Ubuntu recognizes the humanity of all as created in the image of God, thus making the imago Dei the essence of humanity's identity. The imago Dei foundation of Ubuntu determines humanity and denies any one or any institution the right to decide the superiority or inferiority of the other.

== Criticism ==
Michael Battle has argued that Ubuntu theology is too heavily based on the advocacy of the person of Desmond Tutu and the South African society. This is because Tutu's influence as a spiritual leader and chairperson of the Truth and Reconciliation Commission in South Africa gave him power to introduce and pursue an ideology that spoke to the good of both the black and white races.

Molly Manyonganise holds that, as originally developed, Ubuntu theology is not gender inclusive. As an ideology that is gaining wide African acceptability, theologians have expressed concern at the lack of gender inclusivity in the discourse of Ubuntu especially with the patriarchal societies of Africa where the identity of a person is determined by the male.

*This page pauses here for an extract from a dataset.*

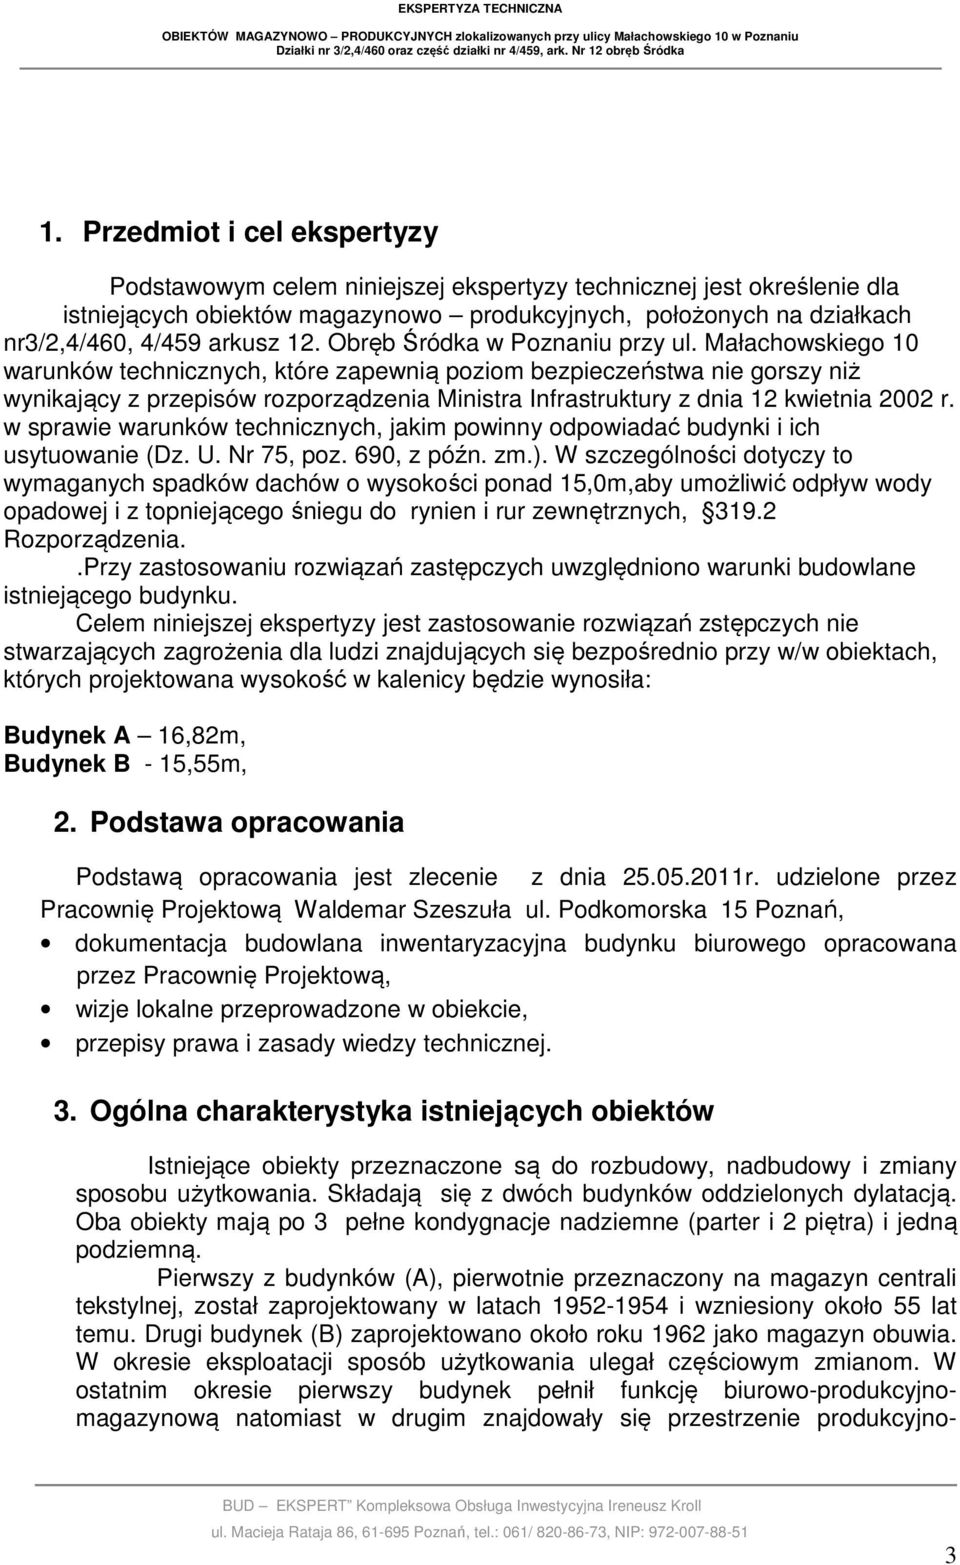 Małachowskiego 10 warunków technicznych, które zapewnią poziom bezpieczeństwa nie gorszy niż wynikający z przepisów rozporządzenia Ministra Infrastruktury z dnia 12 kwietnia 2002 r.

John W. de Gruchy has stated that Ubuntu theology is chiefly ecclesio-centric in that the church is seen as the only place for nurture and flourishing of communal relations. In this position, Ubuntu is seen not to sufficiently integrate the totality and diversity of creation.

Neville Curle has stated that There are many definitions of Ubuntu. All of them point to the humanity required from the individual and the recognition of the other person’s being. Few refer to the voluntary nature of that humanity and recognition, nor do they expand the horizons to include not only one’s produce, but one’s productive assets; even one’s life. For uBuntu to be Ubuntu, the freewill offering of that love for one’s fellow man or woman is paramount—‘This is how we know what love is. Jesus Christ laid down his life for us. And we ought to lay down our lives for our brothers and sisters’ (1 John 3:16).

Moreover, Ubuntu theology speaks specifically to the multi-racial reconciliation of the South African challenge. In this way, it is a purely contextual theology. For while restorative justice may work within the South African context, there are concerns as to whether justice is fundamentally achieved if issues are not adequately discussed.